Control software. This is where it gets interesting. The charger needs to know when to charge, when to discharge, and how much. That decision depends on electricity prices, grid signals, battery state-of-charge, the driver's departure time, and degradation constraints. This is an optimization problem, and it's the layer where companies like us at Pstryk and others in the dynamic tariff space operate.
Aggregator role. A single EV exporting 7 kW doesn't move the needle for a grid operator. But 10,000 EVs coordinated by an aggregator? That's 70 MW of flexible capacity - comparable to a peaker plant. The aggregator pools distributed resources, bids into energy markets, and dispatches the fleet in response to price signals or grid operator commands.
Communication protocols. ISO 15118 handles the vehicle-to-charger communication, including Plug & Charge authentication and bidirectional power transfer negotiation. OCPP (Open Charge Point Protocol) manages the charger-to-backend connection. For V2G at scale, these two standards need to work together seamlessly. We're getting closer, but interoperability testing is still an active effort.
Use cases
Peak shaving. The most immediate value. Discharge EVs during the evening peak (when electricity is expensive) and recharge overnight (when it's cheap). For a building or fleet, this can meaningfully reduce demand charges. For the grid, it flattens the load curve without building new peaker plants.
Frequency response. Batteries react in milliseconds.
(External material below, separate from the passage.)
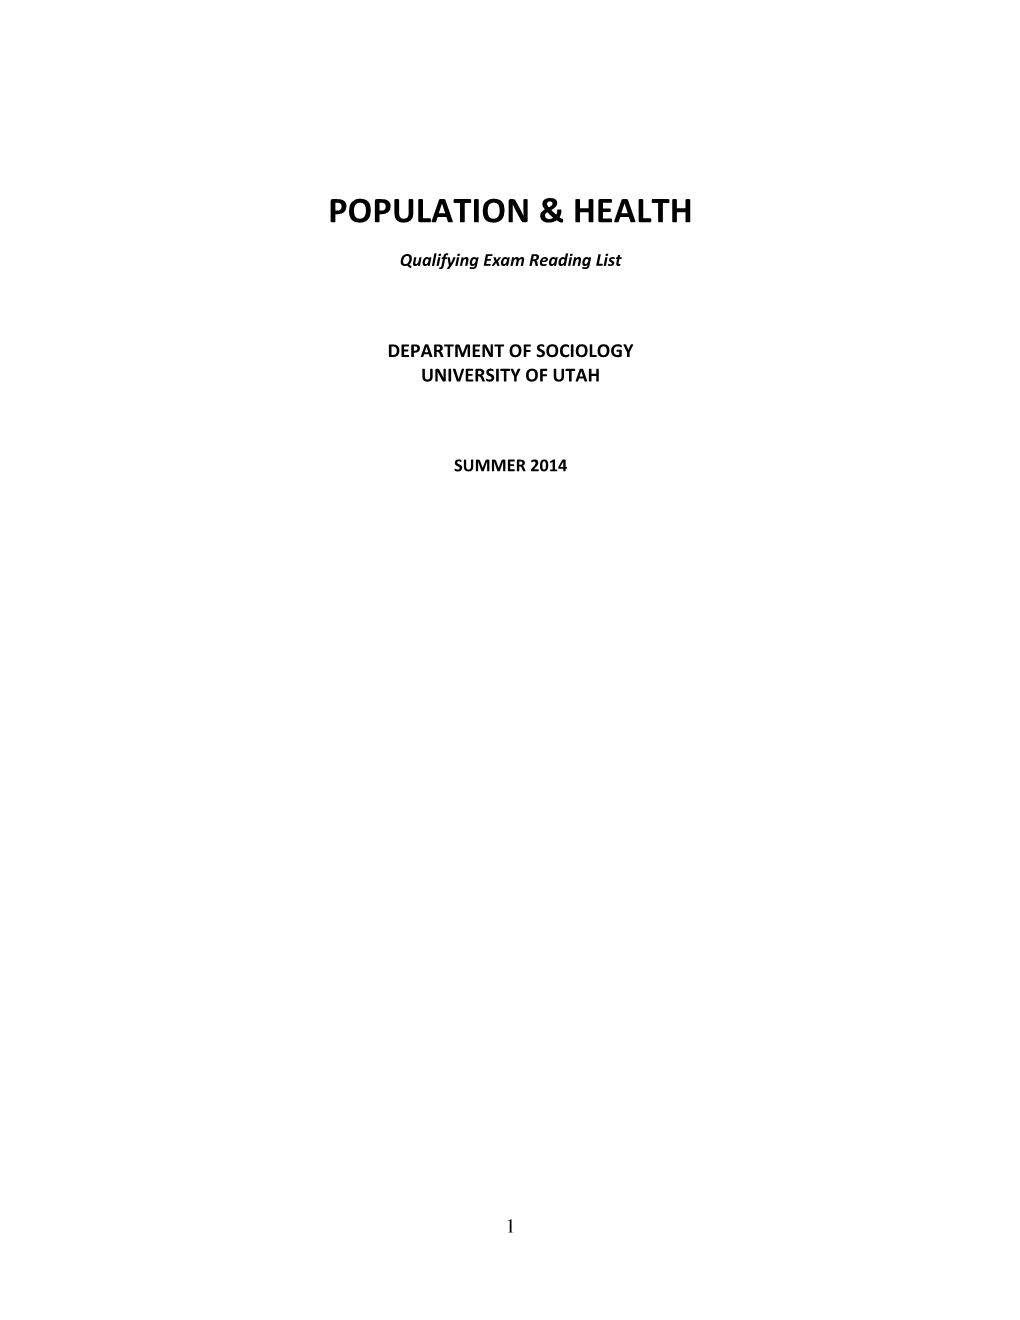 Population & Health

An aggregated EV fleet can provide primary frequency response - injecting or absorbing power to keep the grid at 50 Hz (or 60 Hz, depending on your continent). This is a high-value ancillary service, and EVs are technically well-suited for it.
Backup power. A 77 kWh EV battery can power an average European household for 2–3 days. During outages, V2H turns your car into a generator - a quiet, zero-emission generator. For markets like the US where grid reliability is declining in some regions, this alone is a compelling reason to go bidirectional.
Fleet optimization. Municipal bus fleets, delivery vans, and corporate car pools present the strongest near-term V2G business case. They have predictable schedules, centralized charging infrastructure, and enough vehicles to make aggregation worthwhile. A school bus fleet that sits idle from 9 AM to 2 PM is a perfect candidate for midday solar absorption and afternoon peak discharge.
Economics: what's in it for drivers and fleets?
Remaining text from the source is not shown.